What is the opposite of decoupled (computer science)

The image of decoupled (two train cars separated) is clear. In computer science, writing "decoupled" code is a Good Thing, it implies breaking code into discrete pieces that can be tested independently, but put together easily.

What would be the opposite, in this context? Coupled is an obvious answer, but that seems to be more the fact of pieces being put together. I'm looking for something that represents bad design, such that pieces are too tightly integrated and can't be split apart.

Monolithic is the best I can come up with, but isn't great. Monolithic could be something that can/should be broken up, but could also mean something that can't/shouldn't be broken up. I'd ideally like something that is unambiguously negative, if possible.


Solution 1:

I had considered suggesting spaghetti coding as accurately characterising something which was hugely entangled and not easily disentangled, but I found that it appears as part of an even better term.

Jeff Attwood quoted a 1997 paper by Brian Foote and Josef Yoder:

The architecture that actually predominates in practice is the Big Ball of Mud.

A Big Ball of Mud is haphazardly structured, sprawling, sloppy, duct-tape and bailing wire, spaghetti code jungle.
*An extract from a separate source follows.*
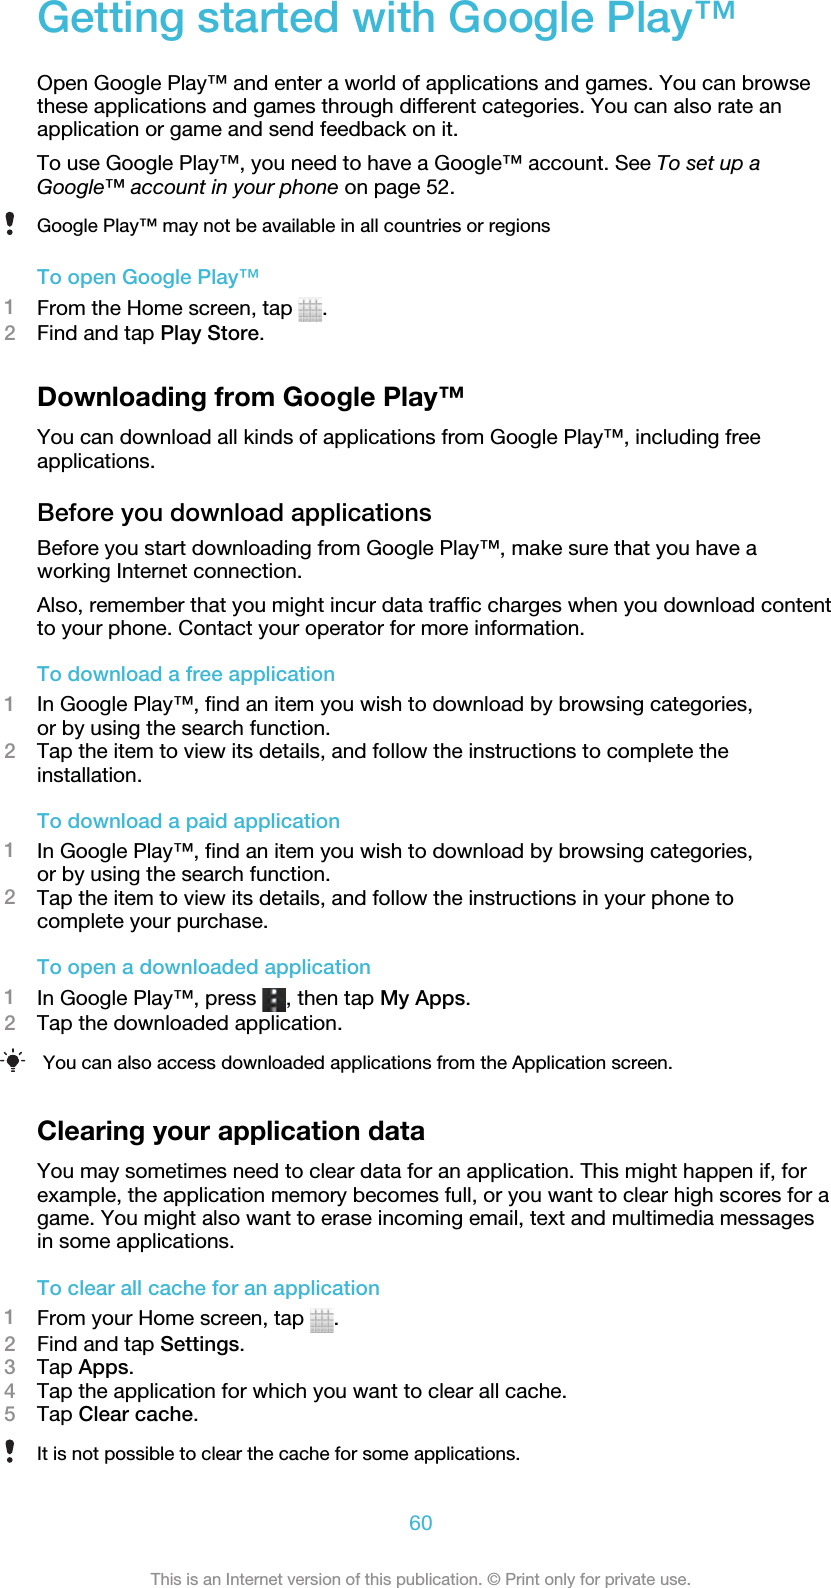 Getting started with Google Play™Open Google Play™ and enter a world of applications and games. You can browsethese applications and games through different categories. You can also rate anapplication or game and send feedback on it.To use Google Play™, you need to have a Google™ account. See To set up aGoogle™ account in your phone on page 52.Google Play™ may not be available in all countries or regionsTo open Google Play™1From the Home screen, tap  .2Find and tap Play Store.Downloading from Google Play™You can download all kinds of applications from Google Play™, including freeapplications.Before you download applicationsBefore you start downloading from Google Play™, make sure that you have aworking Internet connection.Also, remember that you might incur data traffic charges when you download contentto your phone. Contact your operator for more information.To download a free application1In Google Play™, find an item you wish to download by browsing categories,or by using the search function.2Tap the item to view its details, and follow the instructions to complete theinstallation.To download a paid application1In Google Play™, find an item you wish to download by browsing categories,or by using the search function.2Tap the item to view its details, and follow the instructions in your phone tocomplete your purchase.To open a downloaded application1In Google Play™, press  , then tap My Apps.2Tap the downloaded application.You can also access downloaded applications from the Application screen.Clearing your application dataYou may sometimes need to clear data for an application. This might happen if, forexample, the application memory becomes full, or you want to clear high scores for agame. You might also want to erase incoming email, text and multimedia messagesin some applications.To clear all cache for an application1From your Home screen, tap  .2Find and tap Settings.3Tap Apps.4Tap the application for which you want to clear all cache.5Tap Clear cache.It is not possible to clear the cache for some applications.60This is an Internet version of this publication. © Print only for private use.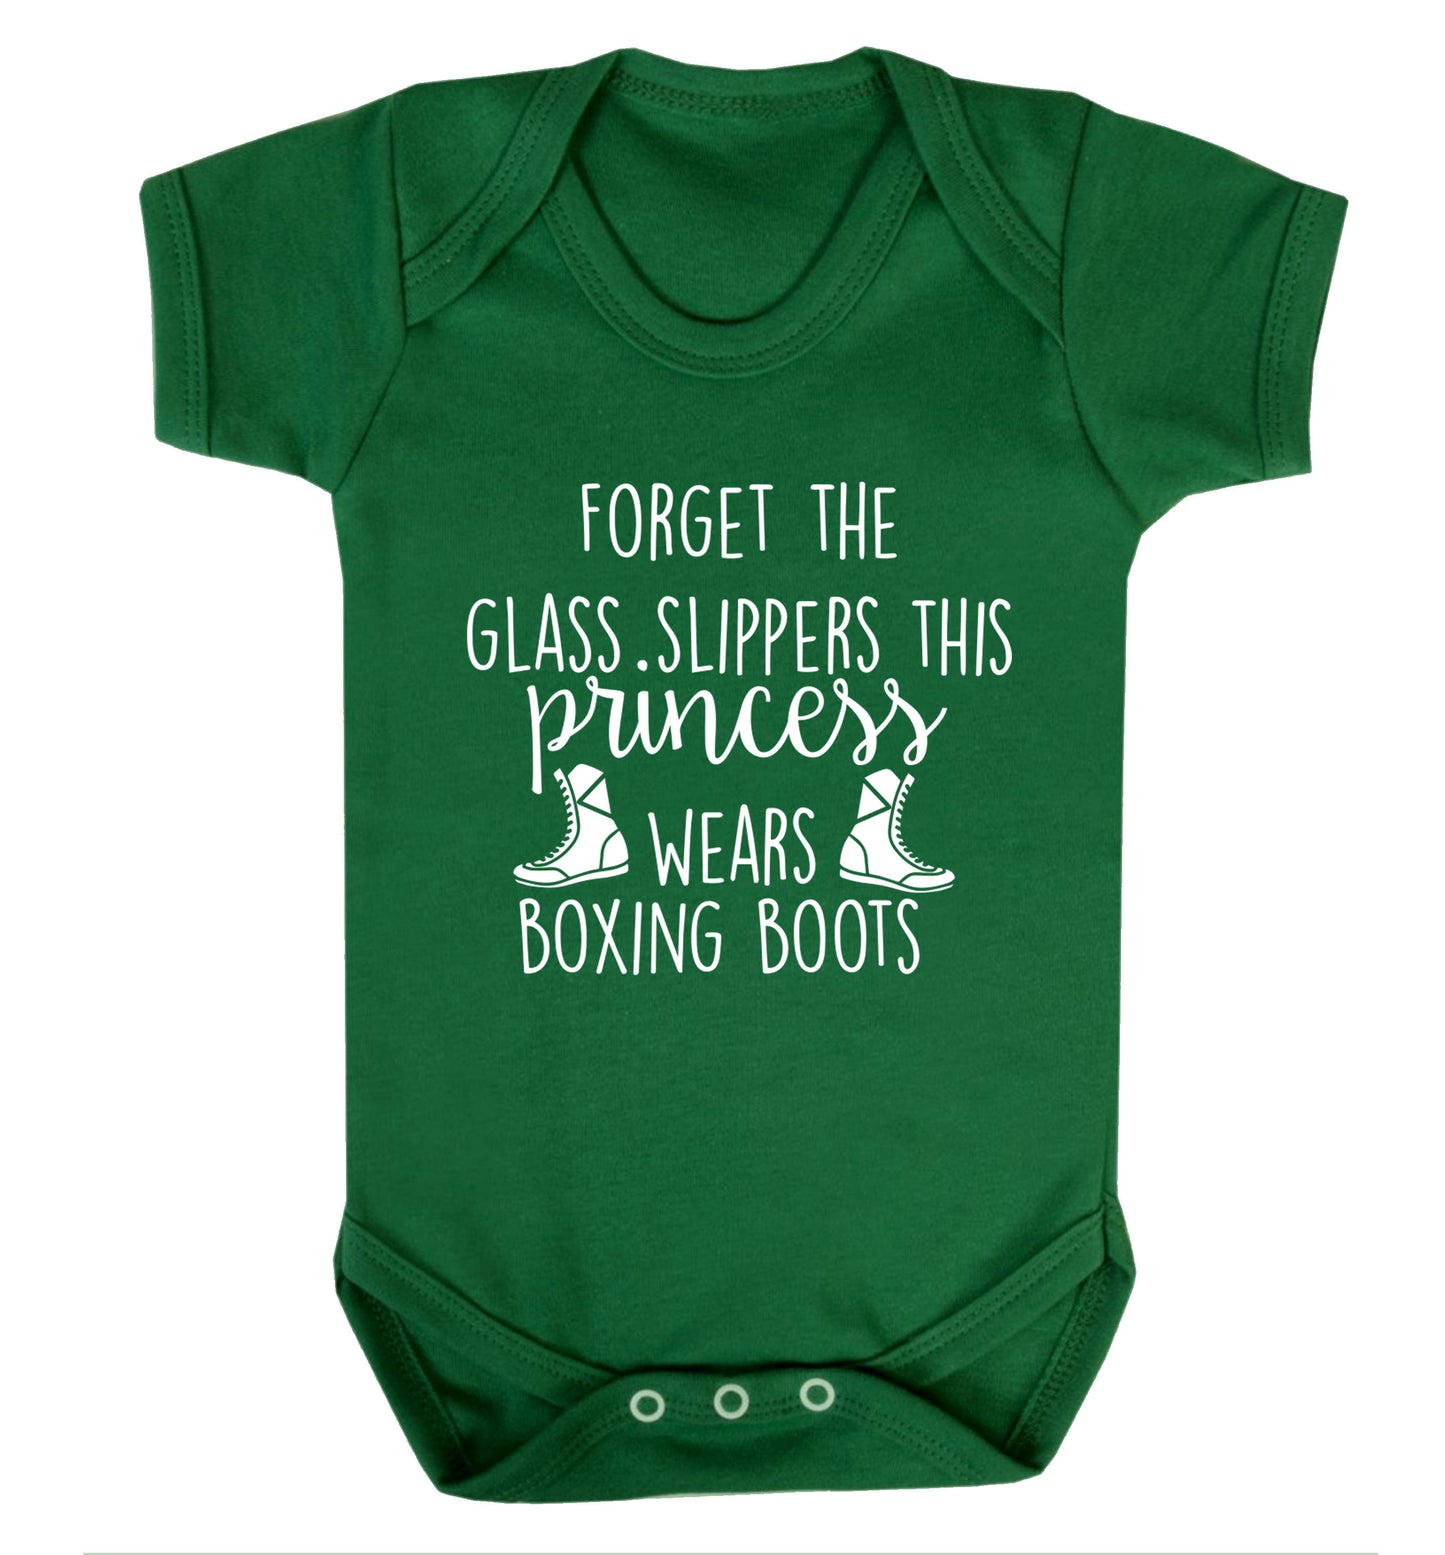 Forget the glass slippers this princess wears boxing boots Baby Vest green 18-24 months

We've all seen them. These systems show unmistakable signs of unregulated growth, and repeated, expedient repair. Information is shared promiscuously among distant elements of the system, often to the point where nearly all the important information becomes global or duplicated. The overall structure of the system may never have been well defined. If it was, it may have eroded beyond recognition. Programmers with a shred of architectural sensibility shun these quagmires. Only those who are unconcerned about architecture, and, perhaps, are comfortable with the inertia of the day-to-day chore of patching the holes in these failing dikes, are content to work on such systems.

"Big Ball of Mud" and "spaghtetti coding" are unambiguously negative and rather pejorative; calling something "entangled" is probably a diplomatic understatement.

Solution 2:

I've only ever heard "tightly coupled", used as a criticism of systems like this, usually to justify the integration of some "dependency injection" framework.

Solution 3:

Coupled is indeed the opposite. More commonly, however, one speaks of the different degree of coupling (Wikipedia) between given pieces of code. A and B are loosely coupled. C and D are tightly coupled. E and F are completely decoupled.

Search for "coupled" on the same Wikipedia page, to see how it is used.

Solution 4:

Blob
It is a well known antipattern and sounds unambiguously negative.